Hamermesh (2011) argues that people are not able to disentangle the effect of age from beauty, even if they are asked to do so.

As a robustness check, in Section 4, the original evaluations of each rater are used directly, but we estimate controlling for raters’ fixed effects.

Nonetheless, age is missing for three instructors.

On average, each teacher in our sample taught 12 courses.

We find a strong negative correlation between Age and Beauty (t-stat = –5.36).

When regressing Age on the dummies for academic positions, it emerges that all coefficients are highly statistically significant.

Estimating a model on the whole sample including an interaction term between Second Level Degree and Beauty (not reported), we find that the difference is statistically significant.

They also show that unattractive individuals are more likely to be involved in criminal activities as young adults.

For a simple theoretical model relating beauty to teaching ability and research productivity, see Ponzo and Scoppa (2012).

See De Paola and Scoppa (2011).

For example, Law professors typically publish less in international journals and more in books (in Italian).
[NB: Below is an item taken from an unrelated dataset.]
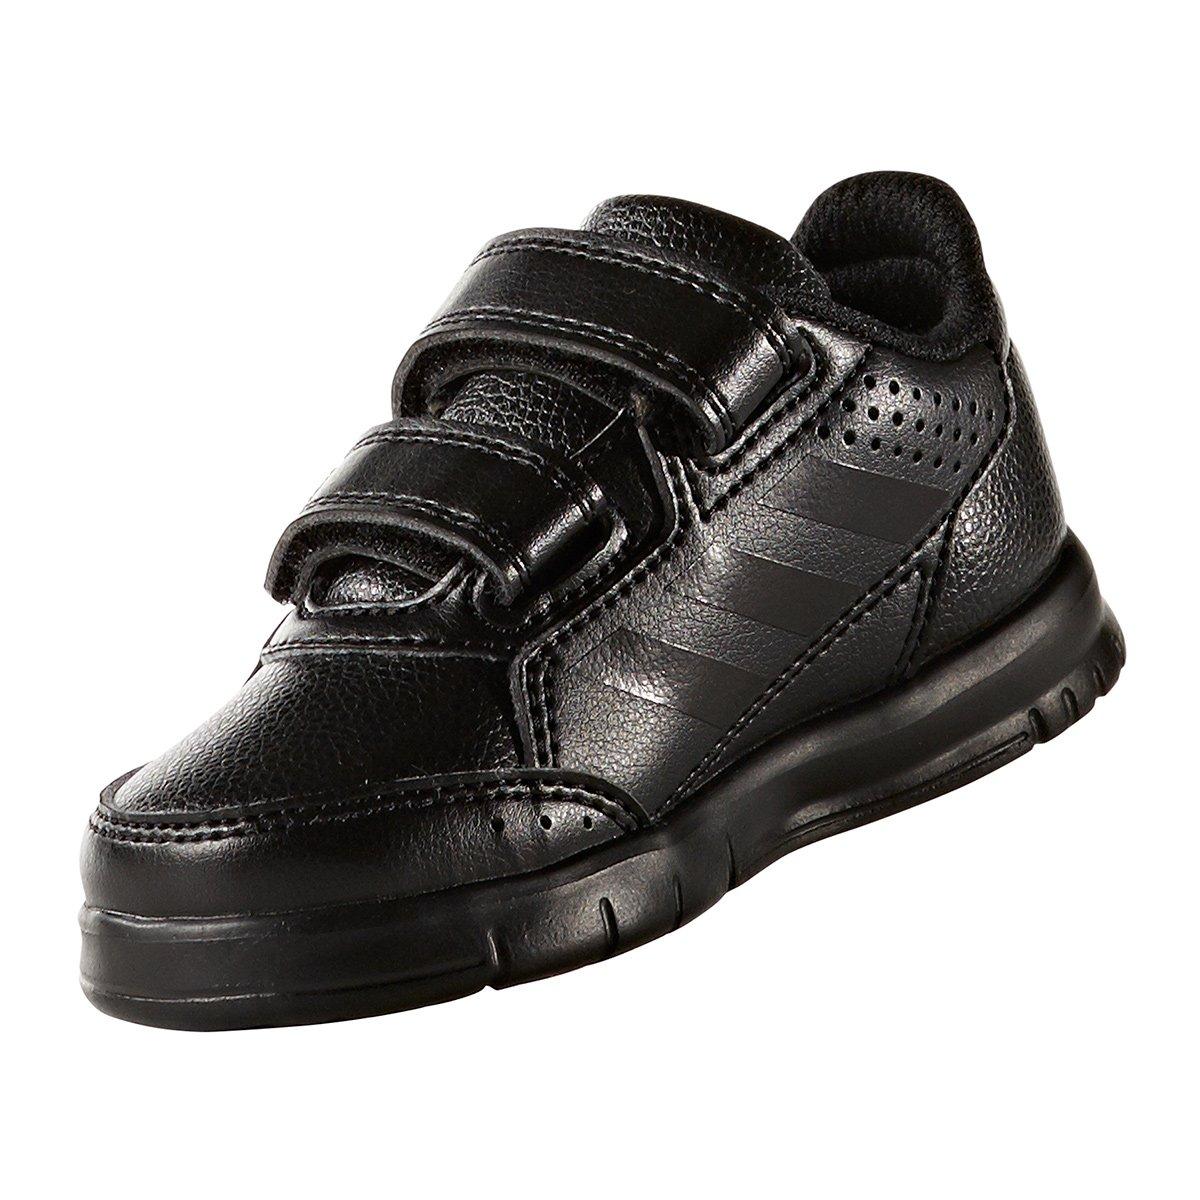 9395715eaec Tênis Infantil Adidas Altasport Cf Velcro - Preto - Compre Agora ...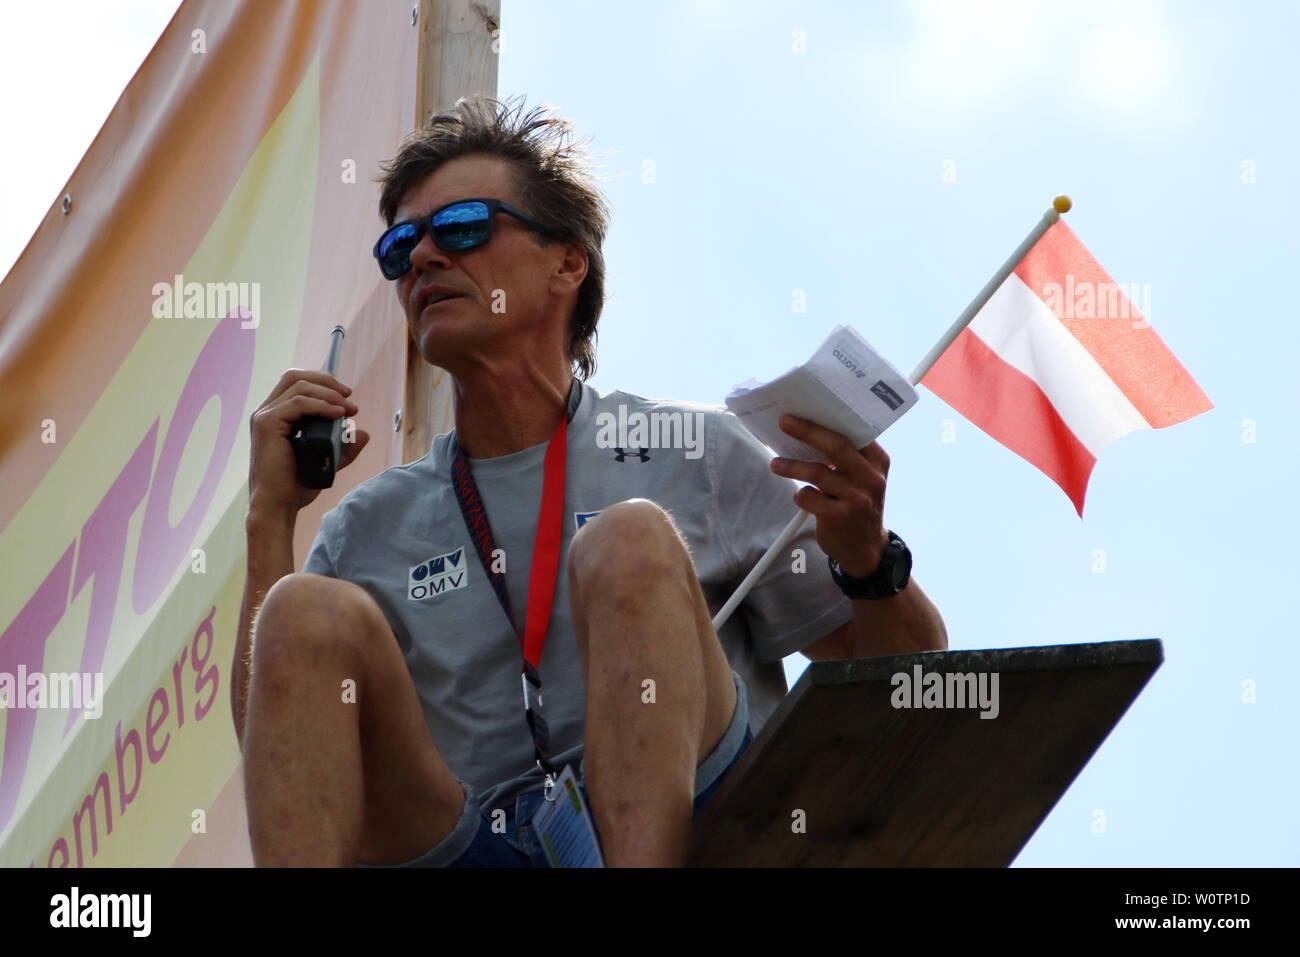 Andreas Felder, Cheftrainer Skisprung, Team Oesterreich beim Skispringen Qualifikation FIS Sommer Grand Prix 2018 Hinterzarten - Stock Image

It is more unusual for this type of publications to be present in the Google Scholar Archives.

Ashenfelter and Krueger (1994) adopt a similar strategy by using the level of education of i as reported by his/her twin as an instrument for the self-reported level of education of individual i.

Notice that the number of observations is lower, because not all of the instructors were evaluated by administrative employees.

In a similar spirit, Hamermesh and Parker (2005) use a dummy variable “Formal Dress”, equal to one for male faculty members who are wearing neckties in their pictures and for female faculty who are wearing a jacket and blouse. In the same way, we also built a variable Formal Dress and notice that it is positively and significantly correlated with Well Dressed/Groomed.

In the Italian academic system, all professors (Full, Associate, and Assistant) have a permanent position.

As a further check, to verify if the beauty ratings are consistent across raters, we also regress Teaching Evaluations separately on each rater’s evaluation (rjk ). Confirming the high degree of agreement among raters, the coefficients of Beauty are always positive and, with only a few exceptions, statistically significant (results are not reported).